In the maximization example, defining the sequence elements instead as elements of two "sets" (the mathematical equivalent of "bags") would clarify the problem somewhat, although subscripts and permutations would still be required. Also, I wonder whether Hardy, Littlewood, and Polya were really "deluded" by their own notation. In mathematics, looking at a problem from a different perspective (recasting a geometric problem in an equivalent algebraic form, say) is a common, often enlightening practice. Perhaps they knew what they were doing.

The point about retaining symmetry whenever possible is well taken; however, in the game involving bit strings, restating the proposition in terms of x and y accomplishes nothing. The critical fact is that the leftmost bit never changes; once that observation has been made, the conclusion follows directly from mathematical induction (which Swaine uses implicitly in his argument for termination). The only way to see that the leftmost bit never changes, though, is to refer back to the original transformations. I believe a better example could have been found to illustrate the point.

Steve Medvedoff

Santa Maria, California

Dear DDJ,

Our work as programmers often leads us to confuse computations and concepts. Michael Swaine, LISPer-extraordinaire, endorses recursion in place of the concept. In his February 1991 review of a book by Antonetta van Gasteren, he gives a problem simply and correctly: Match up pairs of natural numbers from two finite sets of the same size and maximize the sum of the products of the pairs. Then he defers to van Gasteren's recursive statement of the problem and claims that her recursive solution stands out among "generally messy" proofs.

Hardly. The solution is to sort the two sets of numbers the same way (ascending or descending) and pair them. A neat proof says: Starting from this solution, suppose we exchange the members of two pairs. Do a little algebra (omitted here) by writing the larger numbers as the smaller ones plus nonnegative differences. Compute and compare the required sums. The correct matching is greater by the nonnegative product of the difference terms, so no alternative can be larger.

The statement of the problem by van Gasteren introduces unnecessary recursion. I maintain that the above proof, even written out with a few variables, is clearer than a recursive one.

Charles Pine

Oakland, California

Multimedia Muscles

Dear DDJ,

I read with interest the "Editorial" in the February 1991 issue where the cost/performance aspects of various multimedia platforms are considered. The conclusion is that the Amiga is the sensible choice. The Amiga's especially versatile, sophisticated, and compact preemptive multitasking operating system makes it ideal for multimedia. The editorial goes on to say that the Amiga has never made it to the broad-based market. Although there is an Amiga for every two Macs, neither of those machines is broad-based in the sense that MS-DOS machines are.

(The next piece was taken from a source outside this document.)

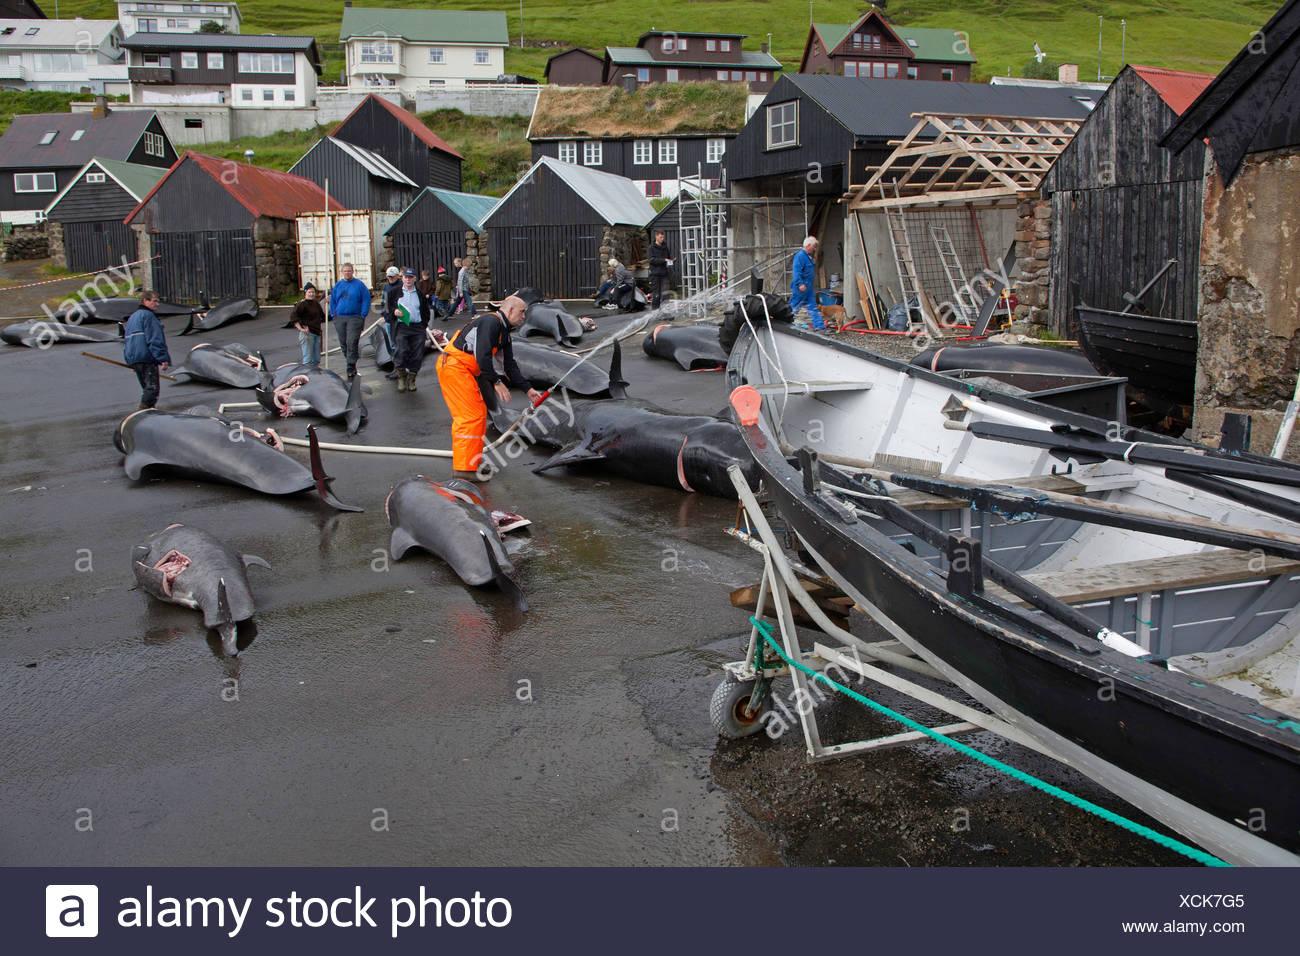 weißen Pilotwal, Kiffer Wal, Caaing Wal, Longfin Pilotwal, Atlantic Pilotwal, Blackfish (Globicephala Melas, Globicephala Melaena), viele Tiere auf dem Asphalt Boden einer Walfang-Base wird zerstückelt, Färöer Inseln Stockbild

Accurate assessments of the Amiga, especially those dealing with multimedia, coupled with such powerful programs as AmigaVision and hardware/ software exclusive to the Amiga such as the Video Toaster, should continue to propel it into the "mainstream."

Mainstream publications, such as the March 1991 Video and Popular Science magazines, mention the Amiga more often than computer magazines seem to. The city of Atlanta won its bid to host the Olympics on the strength of an Amiga running the multimedia presentation. A Mac II was originally tried, but was relegated to a supporting role when it was found inadequate to the task -- due to an inability to multitask, perhaps? Now I'm beginning to sound like Michael Swaine.

Jeff Johnson

Cincinnati, Ohio

In A Snap

Dear DDJ,

I'm writing to register my vote for the best article in the February 1991 issue: "Screen Capturing for Windows 3.0" by Jim Conger. While possibly one of the shortest code-related articles in DDJ's history, it came at just the time that I needed such a utility. Thanks!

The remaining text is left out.